En el informe anual de 2018, Telefónica señaló que en el plan estratégico se ha incluido una hipótesis de impacto limitado del Brexit (Soft Brexit) en los resultados del negocio. En cualquier caso, el negocio de Telefónica en el Reino Unido es muy local y además mantiene la tendencia de crecimiento. Así, en el primer semestre, su filial O2 elevó sus ingresos un 5,1% orgánico, el mayor avance entre los mayores mercados de Telefónica.

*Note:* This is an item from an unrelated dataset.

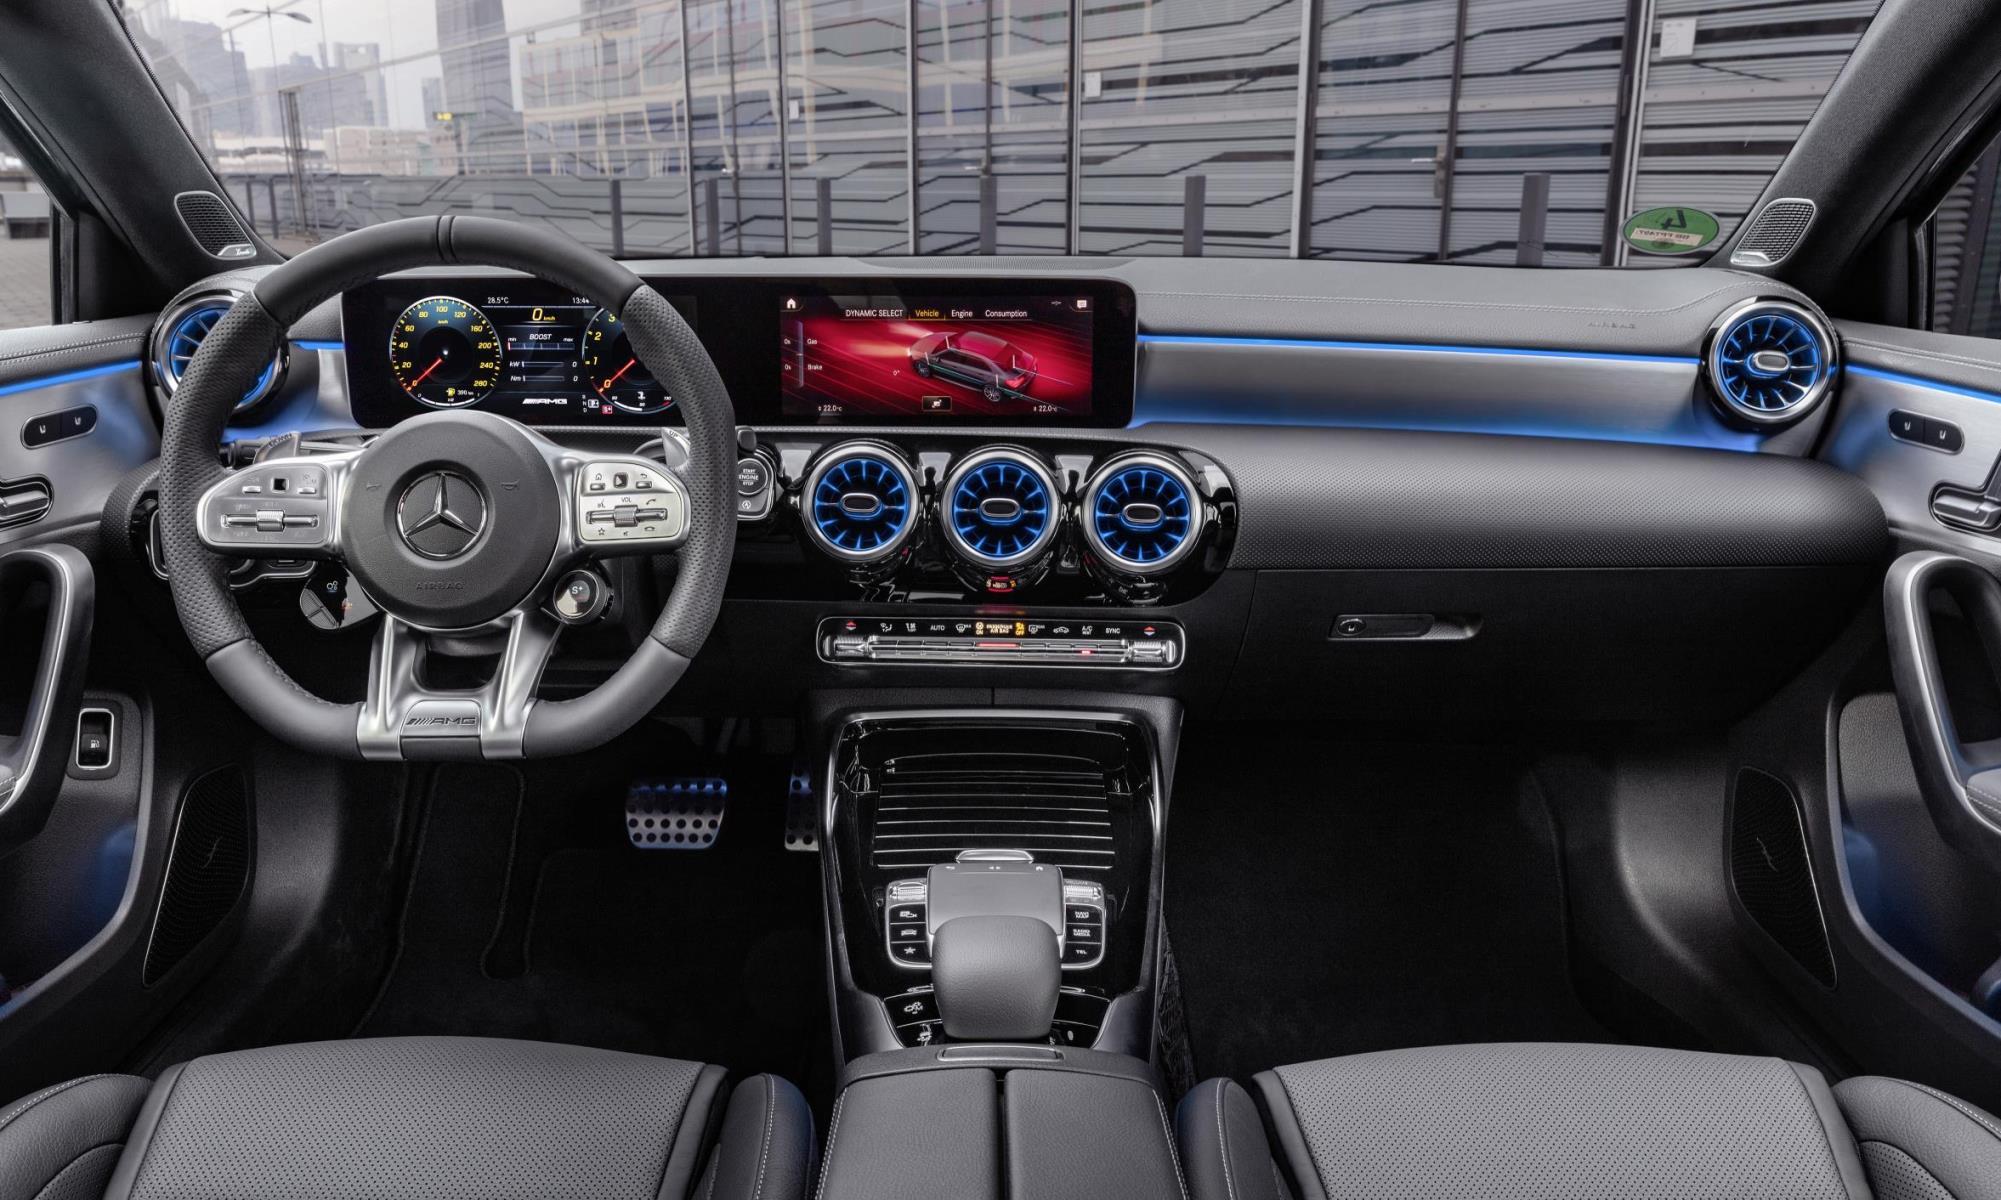 Mercedes-AMG A35 4Matic Saloon interior

En el caso de Iberdrola, presente en el Reino Unido desde 2007, año en que adquirió ScottishPower, el fondo de comercio de sus distintos negocios en el país es de 5.586 millones de euros, repartidos entre su negocio de generación y comercialización de electricidad y gas (4.257 millones); actividades reguladas (833 millones) y energías renovables (496 millones).
Este fondo de comercio, que inicialmente ascendía a 8.821 millones de euros, se revisó a la baja tras el traspaso en su día del negocio de renovables de la filial de ScottishPower en EE UU a la filial de Iberdrola en el país (Avangrid) y la venta del negocio de generación tradicional, Drax, en escocia.

Iberdrola adoptó el pasado febrero 14 medidas para protegerse del riesgo de un Brexit duro. Entre ellas, figura la monitorización de cambios regulatorios; interrupciones de suministro; coberturas sobre los tipos de cambio y aranceles; contratos y movimiento de empleados. La compañía asegura que mantiene “su compromiso con el Reino Unido” y se muestra convencida de que el país “seguirá apostando por un modelo energético sostenible, competitivo y seguro, con una regulación estable”.
Banco Sabadell, por su parte, no tiene fondo de comercio relacionado con su filial británica TSB. Fuentes del banco señalan que cuando se compró esta entidad, se hizo al valor que tenía en libros.

Ferrovial descarta nuevos deterioros por Amey o Heathrow

  • Expectante. Ferrovial está tomando medidas para blindarse ante el Brexit desde el mismo momento en que se conoció el resultado del referéndum, pero a día de hoy no piensa en un fondo de comercio a la baja por su exposición al mercado británico, aseguran fuentes de la compañía. El aeropuerto londinense de Heathrow dotó provisiones que posteriormente está revirtiendo de forma parcial. Su operadora, de la que Ferrovial tiene un 25%, no ha deteriorado el fondo de comercio a la vista de que el tráfico y los ingresos han continuado subiendo. La filial de servicios Amey, en venta y desconsolidada, ha llevado a cabo un duro saneamiento, pero por problemas con grandes clientes.
  • Dividendos asegurados. Una de las primeras medidas del grupo de infraestructuras fue trasladar a Ámsterdam, desde Oxford, la cabecera de las sociedades internacionales con el objetivo de que se mantuvieran bajo el paraguas de la UE. Ferrovial también ha contratado coberturas para soportar el equivalente a tres años de dividendos aportados por los activos en el Reino Unido.